As CDAP is an open source project, you can download the source, import it into an IDE, then modify, build, and run CDAP.

To do so, follow these steps:

  1. Install all the prerequisite system requirements for CDAP development.
  2. Either clone the CDAP repo or download a ZIP of the source:
    • Clone the CDAP repository using $ git clone -b v4.1.1 https://github.com/caskdata/cdap.git
    • Download the source as a ZIP from GitHub and unpack the ZIP in a suitable location
  3. In your IDE, install the Scala plugin (for IntelliJ or Eclipse) as there is Scala code in the project.
  4. Open the CDAP project in the IDE as an existing project by finding and opening the cdap/pom.xml.
  5. Resolve dependencies: this can take quite a while, as there are numerous downloads required.
  6. Before starting CDAP, disable audit logs by changing the audit.enabled setting in cdap-default.xml to false.
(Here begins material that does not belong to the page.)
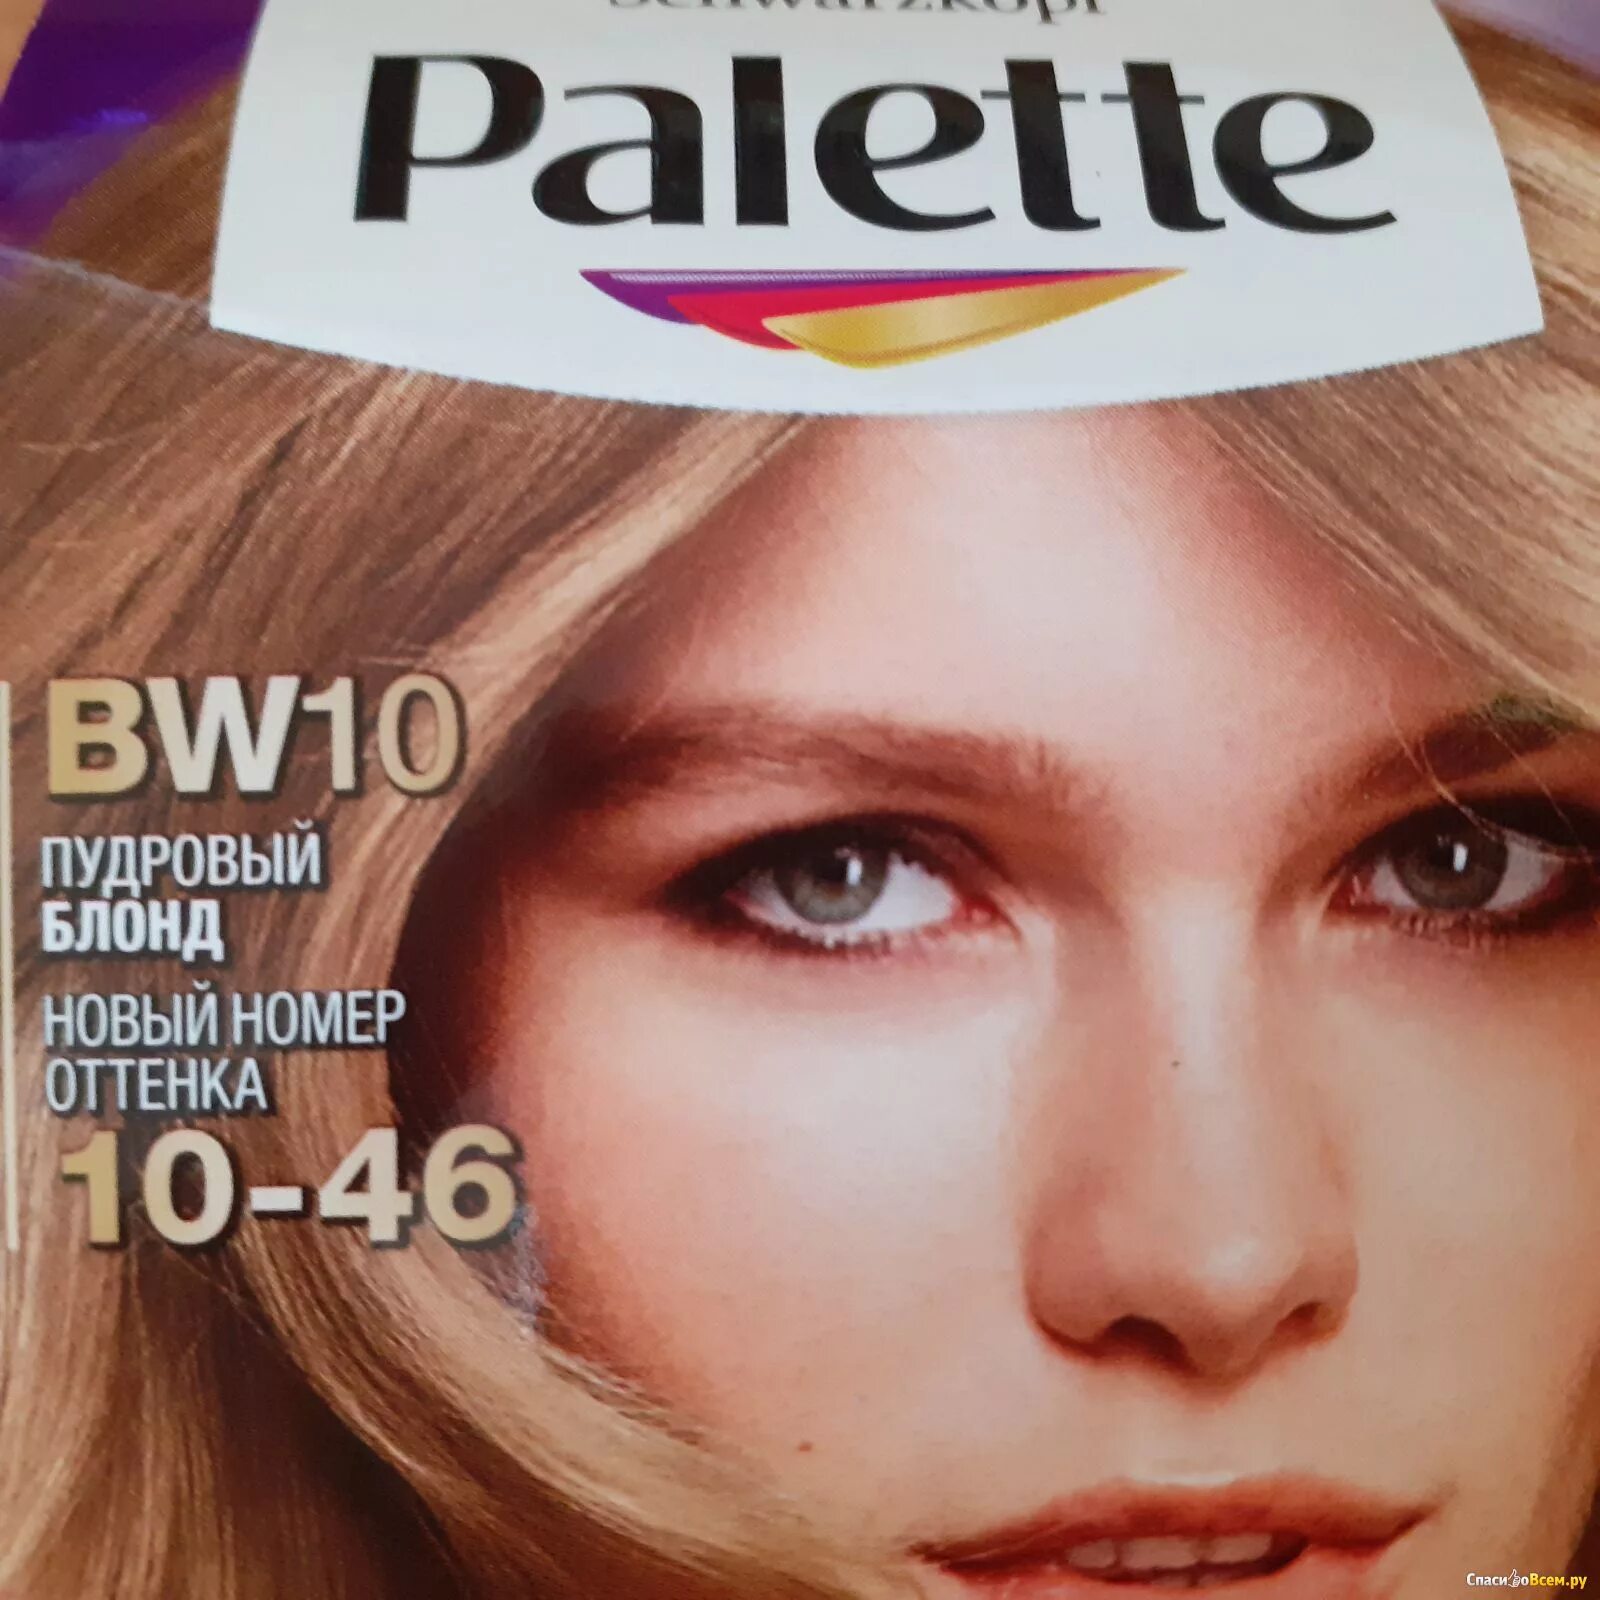 Palette bw10. Краска палетт BW 10 - 46. Паллет 10-46. Schwarzkopf Palette краска для волос bw10.

Otherwise, due to CDAP-5864, Kafka errors will appear in the logs.
  7. In the case of IntelliJ, you can create a run configuration to run Standalone CDAP:
    1. Select Run > Edit Configurations...
    2. Add a new "Application" run configuration.
    3. Set "Main class" to be co.cask.cdap.StandaloneMain.
    4. Set "VM options" to -Xmx1024m -XX:MaxPermSize=128m (for in-memory MapReduce jobs).
    5. Click "OK".
    6. You can now use this run configuration to start an instance of Standalone CDAP.

This will allow you to start CDAP and access it from either the command line (CLI) or through the HTTP RESTful API. To start the CLI, you can either start it from a shell using the cdap script or run the CLIMain class from the IDE.

If you want to run and develop the UI, you will need to follow additional instructions in the CDAP UI README.

🔗Starting and Stopping Standalone CDAP

Use the cdap script (located in /opt/cdap/sdk/bin) to start and stop the Standalone CDAP:

$ /opt/cdap/sdk/bin/cdap sdk start
  . . .
$ /opt/cdap/sdk/bin/cdap sdk stop

Note that starting CDAP is not necessary if you use the Virtual Machine, as it starts the Standalone CDAP automatically on startup.

Once CDAP is started successfully, in a web browser you will be able to see the CDAP UI running at http://localhost:11011/, where you can deploy example applications and interact with CDAP.

🔗Building and Running CDAP Applications

See Building and Running CDAP Applications for information on accessing the CDAP CLI and CDAP SDK bin utilities, building examples, starting CDAP, and deploying, starting, and stopping applications.